> [TASK INSTRUCTIONS]
Starting at the first line of the data below, repeat each line word for word up to and including the line with "100% Organic Bamboo".

============

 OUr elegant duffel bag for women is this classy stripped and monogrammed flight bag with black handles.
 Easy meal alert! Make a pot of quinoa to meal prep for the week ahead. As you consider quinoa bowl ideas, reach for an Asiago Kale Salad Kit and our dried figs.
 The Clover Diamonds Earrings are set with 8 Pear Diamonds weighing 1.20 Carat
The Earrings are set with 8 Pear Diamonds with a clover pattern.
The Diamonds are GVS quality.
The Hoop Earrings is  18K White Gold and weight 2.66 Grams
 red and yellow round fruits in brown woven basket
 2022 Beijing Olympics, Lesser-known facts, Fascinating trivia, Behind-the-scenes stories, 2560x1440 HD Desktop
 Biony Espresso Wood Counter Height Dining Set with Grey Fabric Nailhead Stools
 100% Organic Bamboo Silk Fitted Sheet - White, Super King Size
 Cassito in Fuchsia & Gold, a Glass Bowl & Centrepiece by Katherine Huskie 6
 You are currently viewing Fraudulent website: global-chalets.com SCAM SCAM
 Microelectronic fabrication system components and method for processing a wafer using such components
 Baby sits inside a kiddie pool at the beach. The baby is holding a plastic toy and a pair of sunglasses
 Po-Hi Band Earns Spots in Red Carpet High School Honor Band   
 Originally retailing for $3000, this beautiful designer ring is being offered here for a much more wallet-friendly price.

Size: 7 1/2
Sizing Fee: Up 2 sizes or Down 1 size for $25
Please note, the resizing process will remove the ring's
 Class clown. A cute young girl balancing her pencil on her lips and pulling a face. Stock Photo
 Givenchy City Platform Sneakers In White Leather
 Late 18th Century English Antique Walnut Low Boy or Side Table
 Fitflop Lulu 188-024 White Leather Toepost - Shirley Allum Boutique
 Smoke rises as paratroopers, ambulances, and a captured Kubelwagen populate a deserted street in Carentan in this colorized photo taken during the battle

============

> [EXERCISE RESPONSE]
 OUr elegant duffel bag for women is this classy stripped and monogrammed flight bag with black handles.
 Easy meal alert! Make a pot of quinoa to meal prep for the week ahead. As you consider quinoa bowl ideas, reach for an Asiago Kale Salad Kit and our dried figs.
 The Clover Diamonds Earrings are set with 8 Pear Diamonds weighing 1.20 Carat
The Earrings are set with 8 Pear Diamonds with a clover pattern.
The Diamonds are GVS quality.
The Hoop Earrings is  18K White Gold and weight 2.66 Grams
 red and yellow round fruits in brown woven basket
 2022 Beijing Olympics, Lesser-known facts, Fascinating trivia, Behind-the-scenes stories, 2560x1440 HD Desktop
 Biony Espresso Wood Counter Height Dining Set with Grey Fabric Nailhead Stools
 100% Organic Bamboo Silk Fitted Sheet - White, Super King Size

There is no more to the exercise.